=== Data for processing ===

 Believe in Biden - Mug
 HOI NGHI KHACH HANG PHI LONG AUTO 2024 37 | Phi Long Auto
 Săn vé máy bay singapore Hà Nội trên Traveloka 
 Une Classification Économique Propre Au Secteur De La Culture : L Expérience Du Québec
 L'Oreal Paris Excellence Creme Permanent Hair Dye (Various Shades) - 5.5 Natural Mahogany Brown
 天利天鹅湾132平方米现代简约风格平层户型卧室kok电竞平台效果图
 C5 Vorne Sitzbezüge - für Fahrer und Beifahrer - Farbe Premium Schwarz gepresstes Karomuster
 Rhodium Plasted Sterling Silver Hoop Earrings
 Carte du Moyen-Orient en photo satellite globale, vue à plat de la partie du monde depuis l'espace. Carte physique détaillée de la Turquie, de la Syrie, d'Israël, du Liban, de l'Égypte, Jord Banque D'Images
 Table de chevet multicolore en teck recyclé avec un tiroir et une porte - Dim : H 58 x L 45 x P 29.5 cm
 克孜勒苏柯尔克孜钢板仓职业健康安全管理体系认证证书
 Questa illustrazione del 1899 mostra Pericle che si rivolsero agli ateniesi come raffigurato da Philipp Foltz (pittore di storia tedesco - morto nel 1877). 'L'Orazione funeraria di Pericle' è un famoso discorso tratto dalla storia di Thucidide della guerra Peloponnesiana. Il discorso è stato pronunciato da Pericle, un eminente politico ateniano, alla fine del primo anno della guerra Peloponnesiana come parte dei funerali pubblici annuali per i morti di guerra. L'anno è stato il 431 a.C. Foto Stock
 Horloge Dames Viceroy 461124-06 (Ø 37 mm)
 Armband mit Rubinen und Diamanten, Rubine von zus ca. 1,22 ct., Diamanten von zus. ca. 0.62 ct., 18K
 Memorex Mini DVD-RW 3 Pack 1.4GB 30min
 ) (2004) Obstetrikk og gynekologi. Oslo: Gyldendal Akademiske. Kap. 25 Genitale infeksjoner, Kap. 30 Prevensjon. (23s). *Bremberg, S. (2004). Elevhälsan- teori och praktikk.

=== What to work on ===
Could you set down, word for word, only the lines above from the line with "Une Classification Économique" to the line with "克孜勒苏柯尔克孜钢板仓职业健康安全管理体系认证证书", including both?

=== Response area ===
 Une Classification Économique Propre Au Secteur De La Culture : L Expérience Du Québec
 L'Oreal Paris Excellence Creme Permanent Hair Dye (Various Shades) - 5.5 Natural Mahogany Brown
 天利天鹅湾132平方米现代简约风格平层户型卧室kok电竞平台效果图
 C5 Vorne Sitzbezüge - für Fahrer und Beifahrer - Farbe Premium Schwarz gepresstes Karomuster
 Rhodium Plasted Sterling Silver Hoop Earrings
 Carte du Moyen-Orient en photo satellite globale, vue à plat de la partie du monde depuis l'espace. Carte physique détaillée de la Turquie, de la Syrie, d'Israël, du Liban, de l'Égypte, Jord Banque D'Images
 Table de chevet multicolore en teck recyclé avec un tiroir et une porte - Dim : H 58 x L 45 x P 29.5 cm
 克孜勒苏柯尔克孜钢板仓职业健康安全管理体系认证证书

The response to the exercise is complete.